Our team brings expertise in JupyterHub, OpenStack, and Jetstream2 to support this initiative. As part of this collaboration, we presented the paper "A Lidar and Radar Meteorology Science Gateway for Education and Research on the NSF Jetstream2 Cloud" at the Science Gateways 2024 conference and assisted an LROSE workshop for the AMS 2025 meeting in New Orleans.

To support this work, NSF Unidata secured $70,000 in funding for contributions from Ana Espinoza and Julien Chastang.

NSF Unidata Science Gateway Re-Imagined

The Science Gateway Re-Imagined (SGRI) team–consisting of Nicole Corbin, Ana Espinoza, and Julien Chastang with managerial support from Ethan Davis and Tanya Vance–convenes regularly to move the project forward. We are synchronizing our efforts with Doug Dirks and the NSF Unidata web group to ensure our initiative moves in harmony with NSF Unidata's overall web strategy.

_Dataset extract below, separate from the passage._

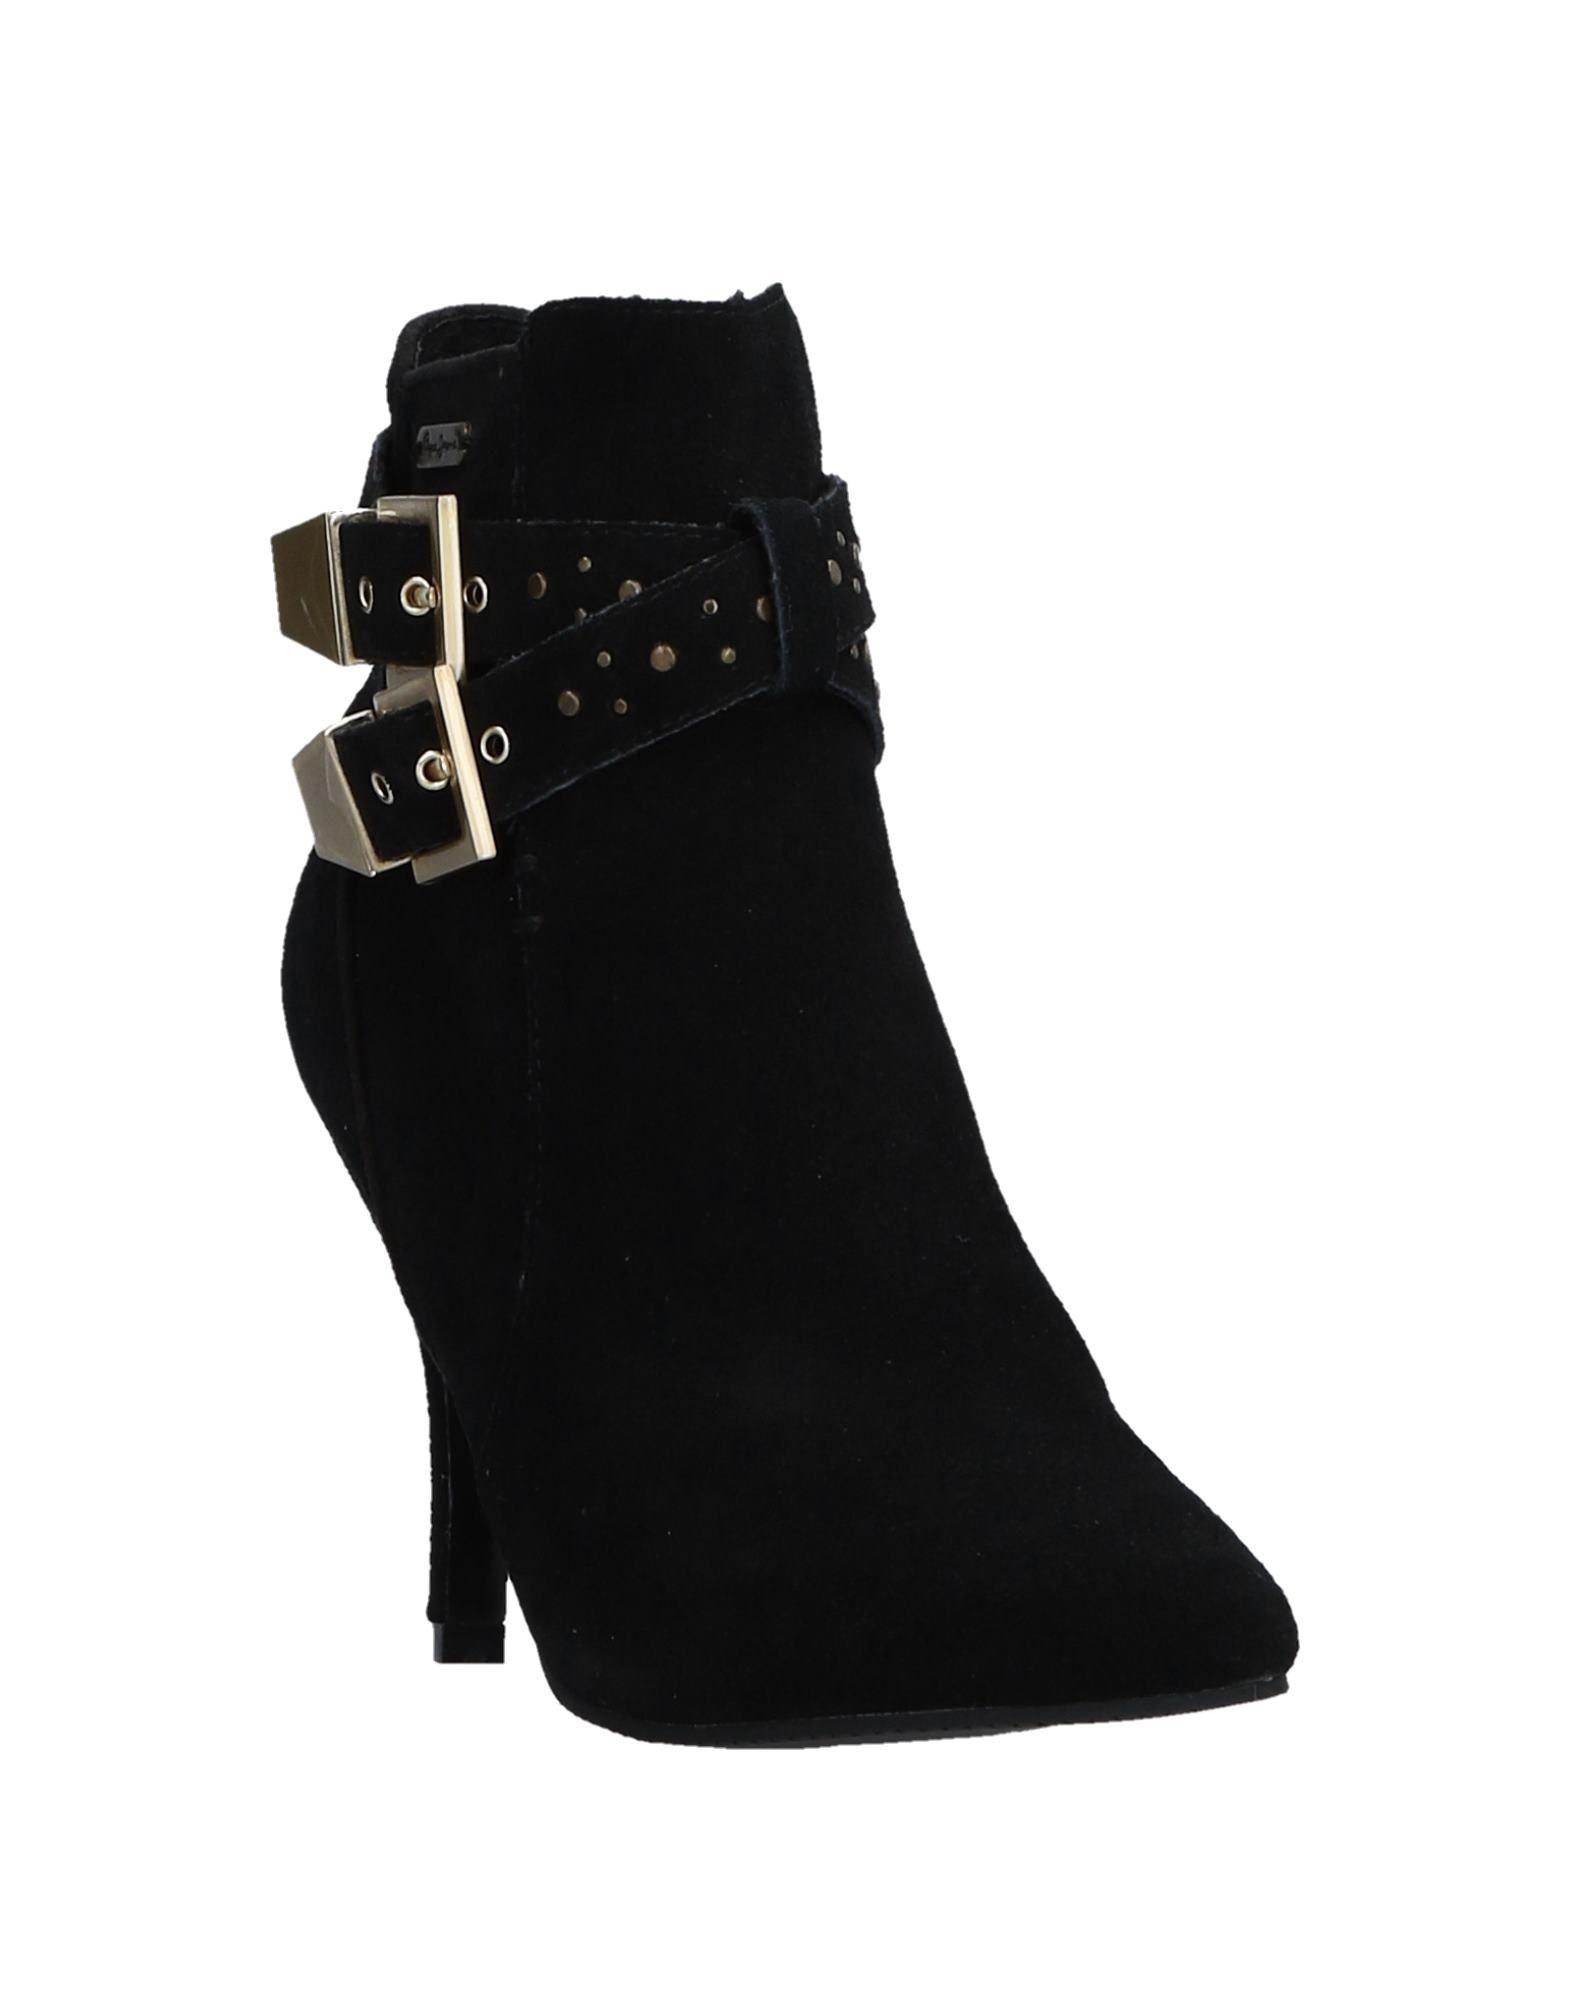 Pepe Jeans Stiefelette Damen beliebte  11525475OV Gute Qualität beliebte Damen Schuhe 8f5670
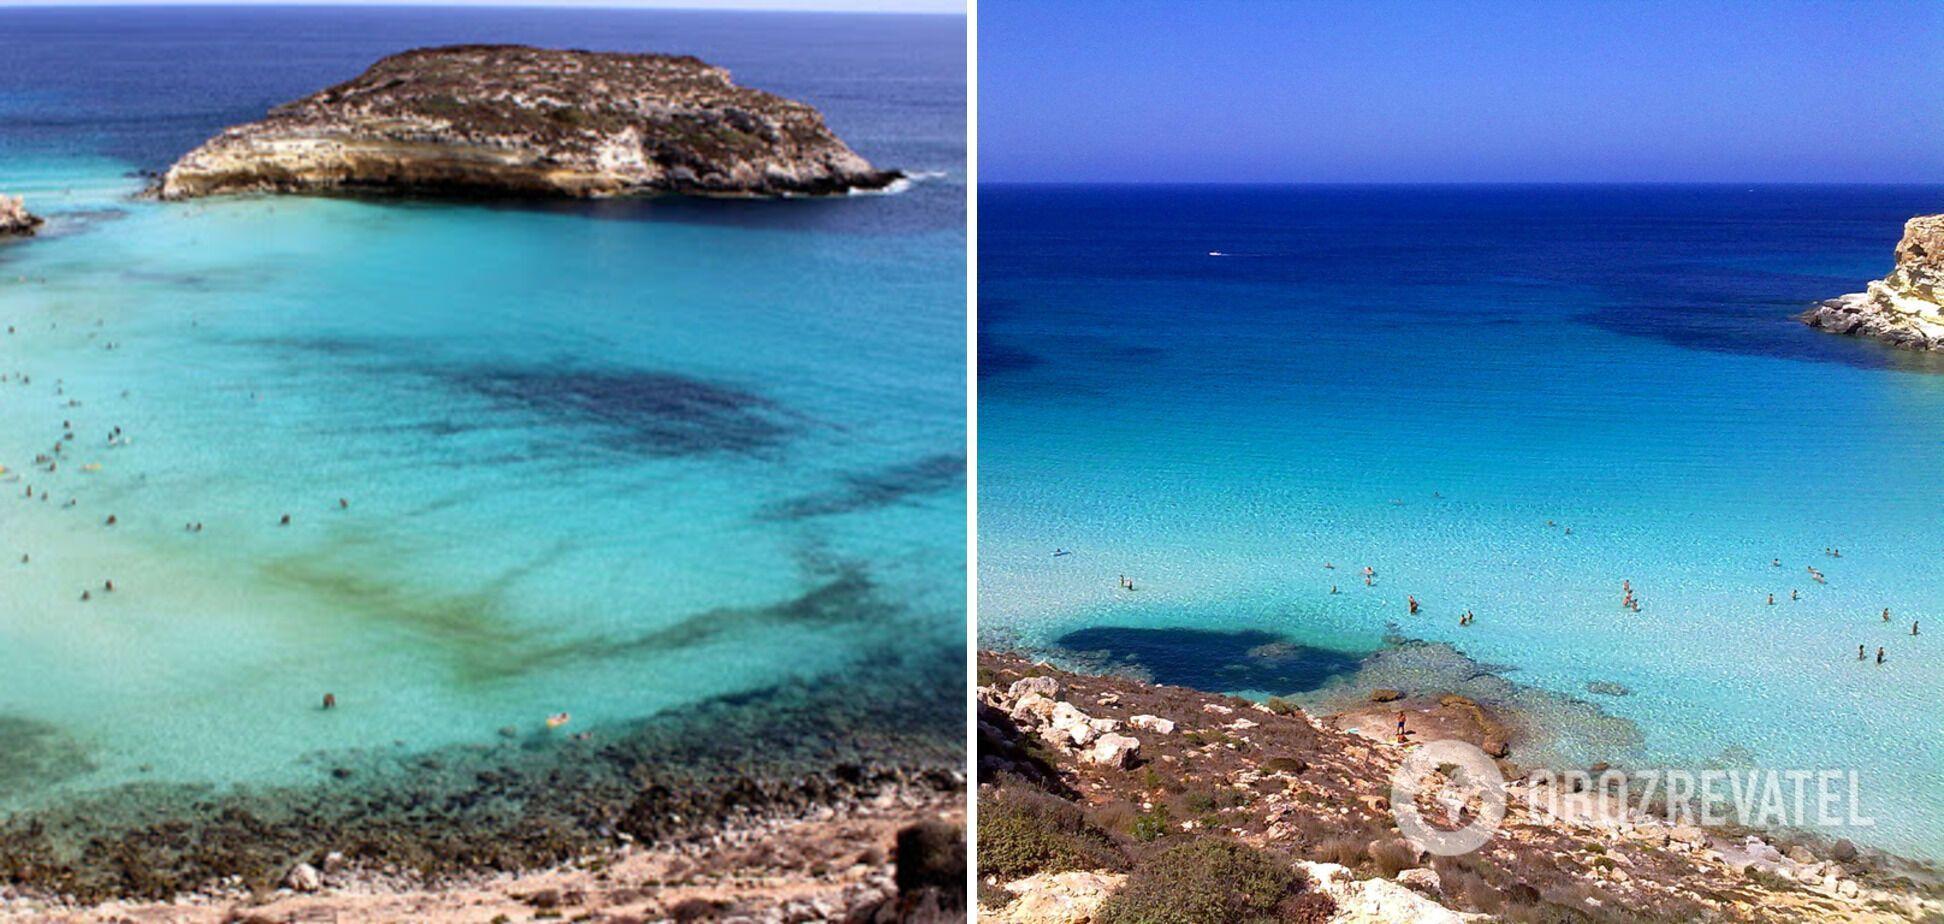 Воду на цьому пляжі називають найпрозорішою у світі.

The SGRI team has completed Phase 1 with the completion of the JupyterHub requests and Education Hub beta periods. Feedback from these periods have been incorporated and are ready for deployment with the new NSF Unidata website.

Phase 2 (on-demand notebooks, data integration, and community forums) began in early 2025. The team is working collaboratively with other NSF Unidata staff in the Systems and Community Services group to design the capabilities, scope, and user experience for these deliverables. With on-demand notebooks, visitors to the science gateway will be able to launch notebooks without the need for requesting dedicated JupyterHub resources. In addition to enabling users to demo existing or new NSF Unidata authored notebooks, the work done to bring users on-demand notebooks can be applied in the future during Phase 3 of the project–Community Contributions. On-demand notebooks will be made possible with BinderHub, although this is subject to change pending a more thorough investigation of potential security concerns and exploration of other technologies. Expect the next beta period for these features to begin in early 2026.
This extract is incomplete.